- Directed by: Edward Buzzell
- Screenplay by: Robert Riskin
- Story by: Ethel Hill
- Produced by: Harry Cohn
- Starring: Carole Lombard Pat O'Brien Shirley Grey
- Cinematography: Joseph Walker
- Edited by: Maurice Wright
- Production company: Columbia Pictures
- Distributed by: Columbia Pictures
- Release date: October 25, 1932;
- Running time: 69 minutes
- Country: United States
- Language: English

= Virtue (film) =

1932 film

Virtue is a 1932 American Pre-Code romantic drama film directed by Edward Buzzell and starring Carole Lombard, Pat O'Brien and Shirley Grey. It was produced and distributed by Columbia Pictures.

==Plot==
New York City streetwalker Mae (Carole Lombard) is told by police to leave New York. However, she gets off the train at a suburban station, taking the cab of Jimmy Doyle (Pat O'Brien). He says he knows women well and does not think much of them. She slips away without paying the fare, as she is penniless. Fellow prostitute Lil (Mayo Methot) advises her to find honest work.

Receiving a loan, Mae goes to pay Jimmy the fare. They argue, but are mutually attracted and he finds her a job. By coincidence, Gert (Shirley Grey), another ex prostitute, also works there. Jimmy and Mae marry, but Mae has not told him about her past. When a policeman appears to arrest Mae for breaking bail conditions, Jimmy leaves to think things over. He then says he will try to make the marriage work, on condition that Mae has given up prostitution and avoids her old friends.

Jimmy has saved money to become a partner in a gas station. When Gert asks for money for a doctor, Mae takes it from Jimmy's savings. She learns Gert has lied and, when Jimmy tells her he will need the money, Mae finds Gert who promises to get her it. However, Gert has given the money to her boyfriend Toots (Jack La Rue), who is also Lil's pimp. When Gert tries to steal it back from him, Toots catches her and accidentally kills her. He hides the body, then watches from hiding as Mae shows up; she finds the money and leaves.
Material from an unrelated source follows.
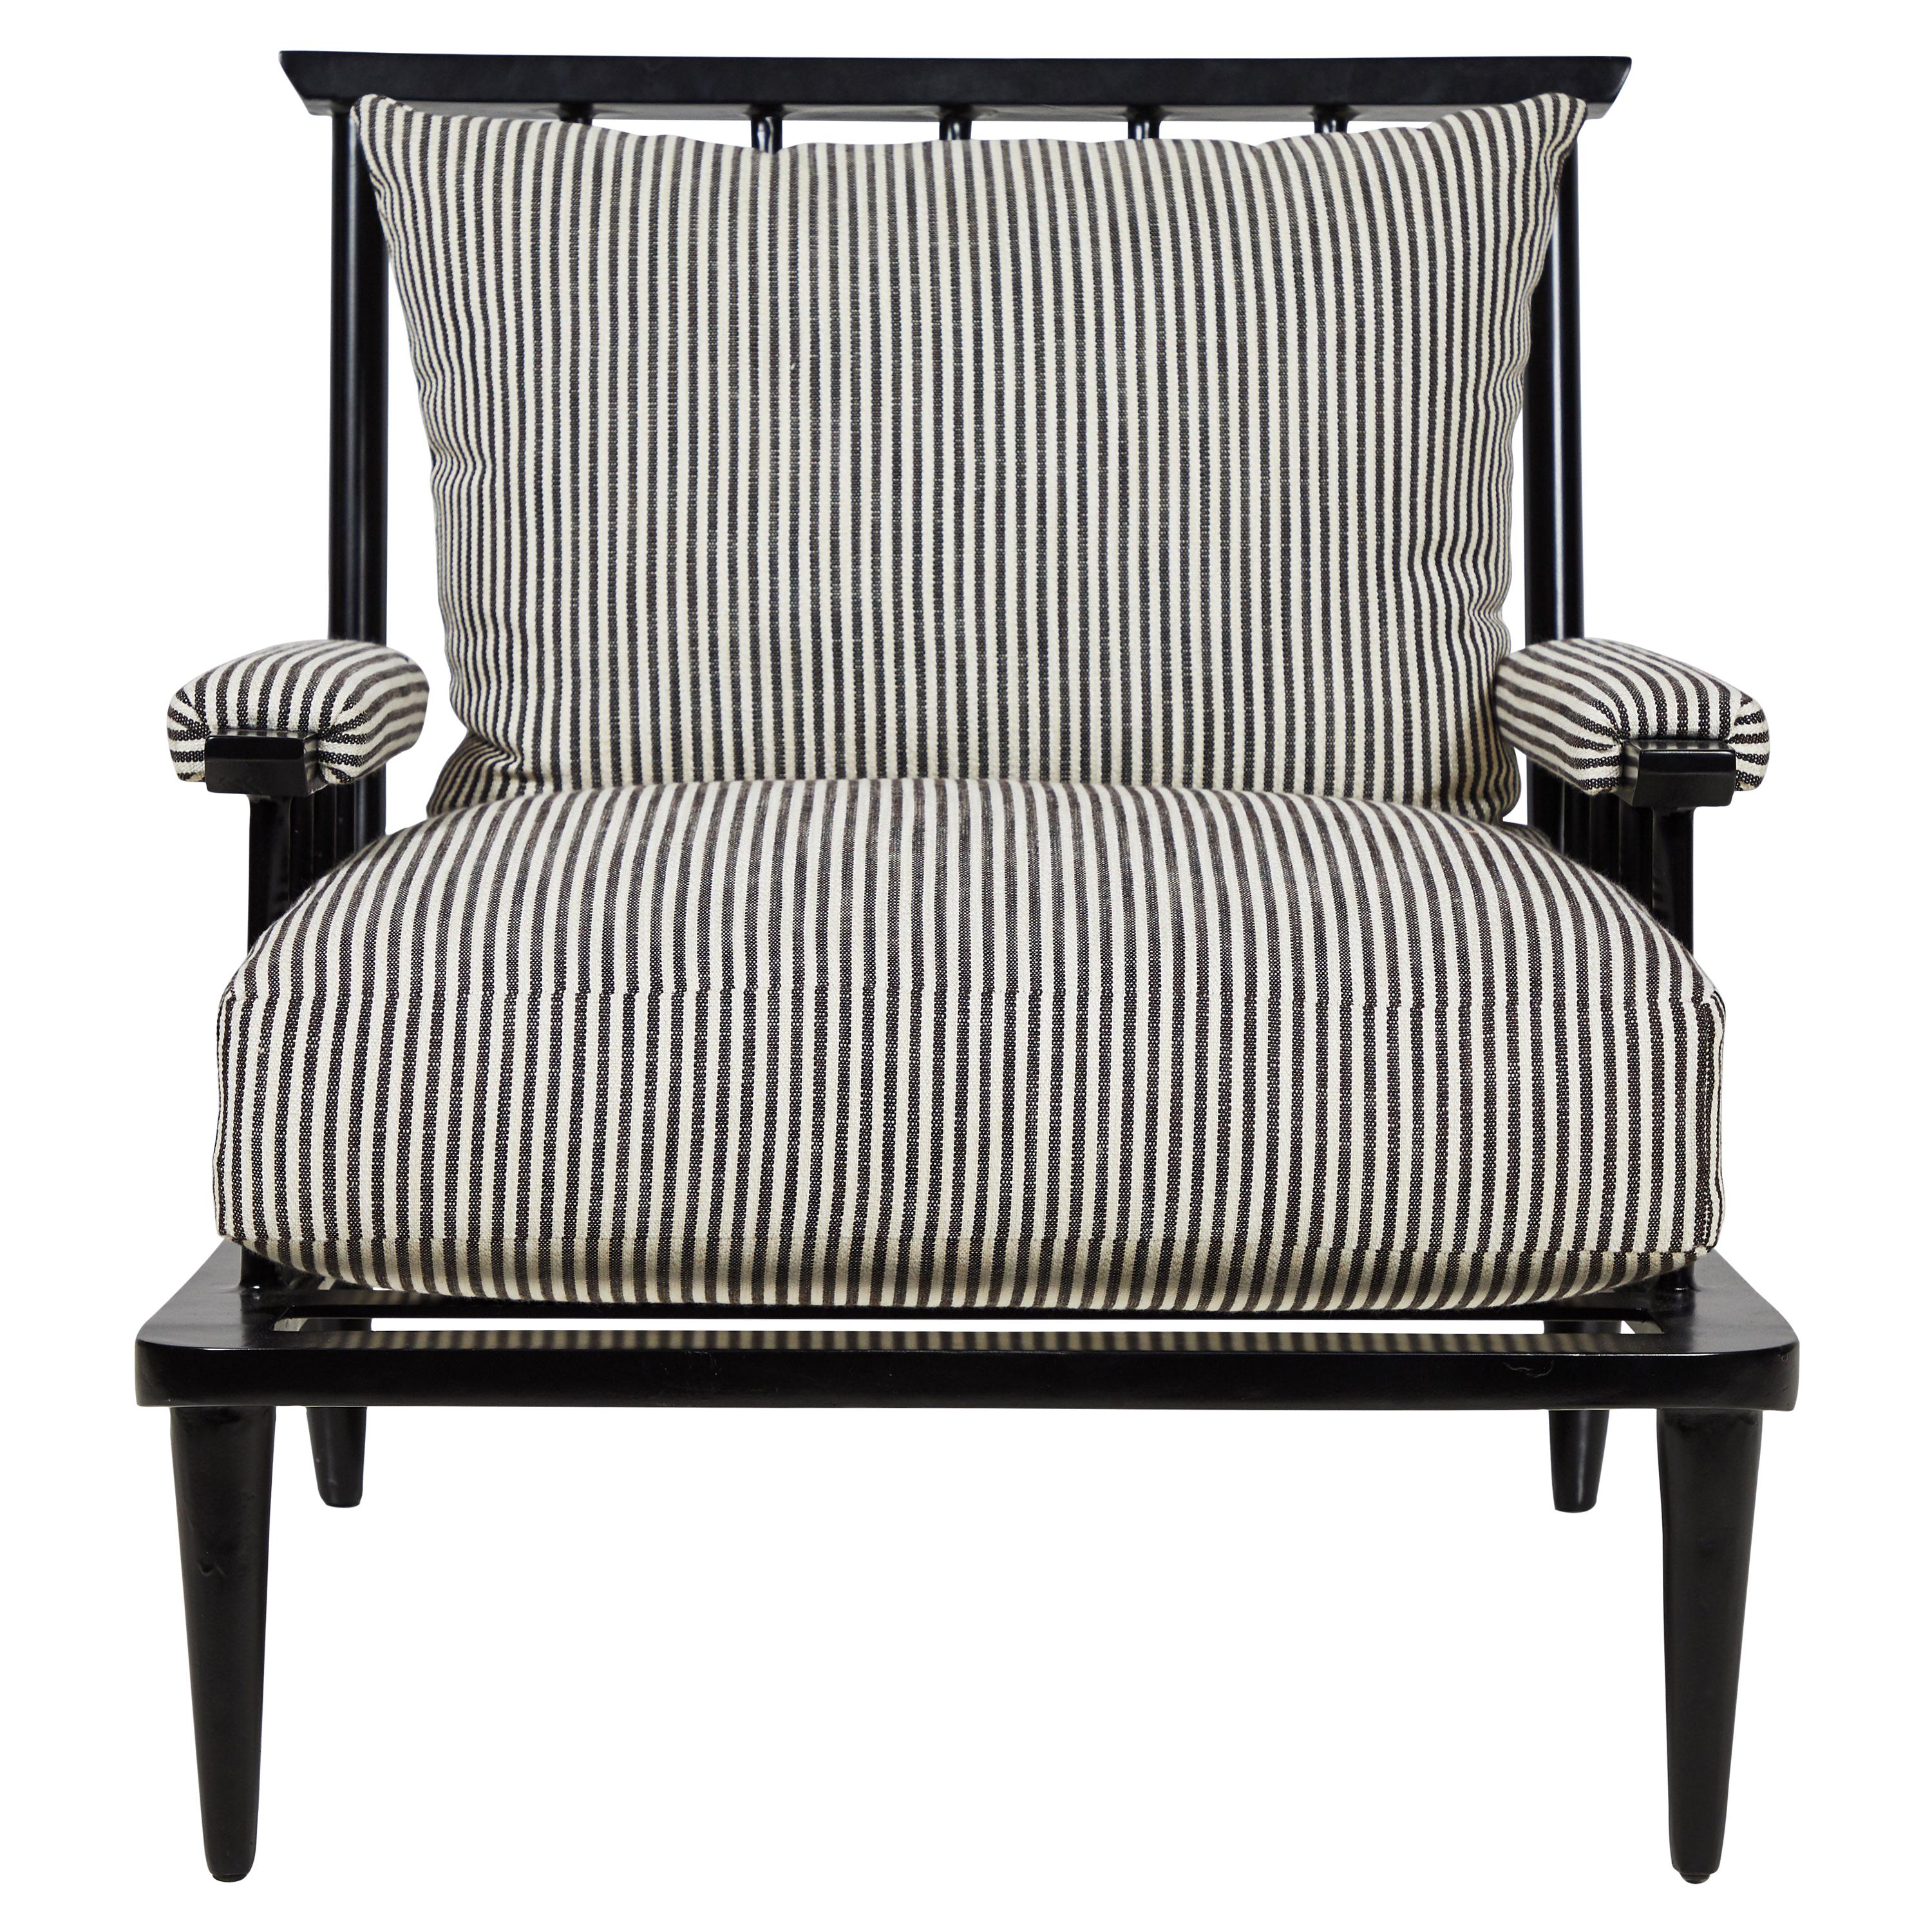 Nickey Kehoe Collection Outdoor Schwarz Metall Spindel Lounge Stuhl

The police arrest Mae because she left her bag in Gert's apartment. However, a mistrustful Jimmy had been following Mae and knows a man was with Gert. He learns that it was Toots, but Lil gives Toots an alibi. Lil convinces Toots to go to the DA's office and lodge a complaint against Jimmy, but when they are there she rats Toots out for the murder of Gert. Toots is taken into custody and Mae is exonerated.

==Cast==
- Carole Lombard as Mae
- Pat O'Brien as Jimmy
- Ward Bond as Frank
- Shirley Grey as Gert
- Mayo Methot as Lil
- Jack La Rue as Toots
- Willard Robertson as MacKenzie
- Lew Kelly as Magistrate
- Fred Santley as Hank
- Arthur Wanzer as Flanagan
- Jessie Arnold as Landlady
- Edwin Stanley as District Attorney

==Bibliography==
- Dick, Bernard F. The Merchant Prince of Poverty Row: Harry Cohn of Columbia Pictures. University Press of Kentucky, 2015.
- Kendall, Elizabeth. The Runaway Bride: Hollywood Romantic Comedy of the 1930s. Cooper Square Press, 2002.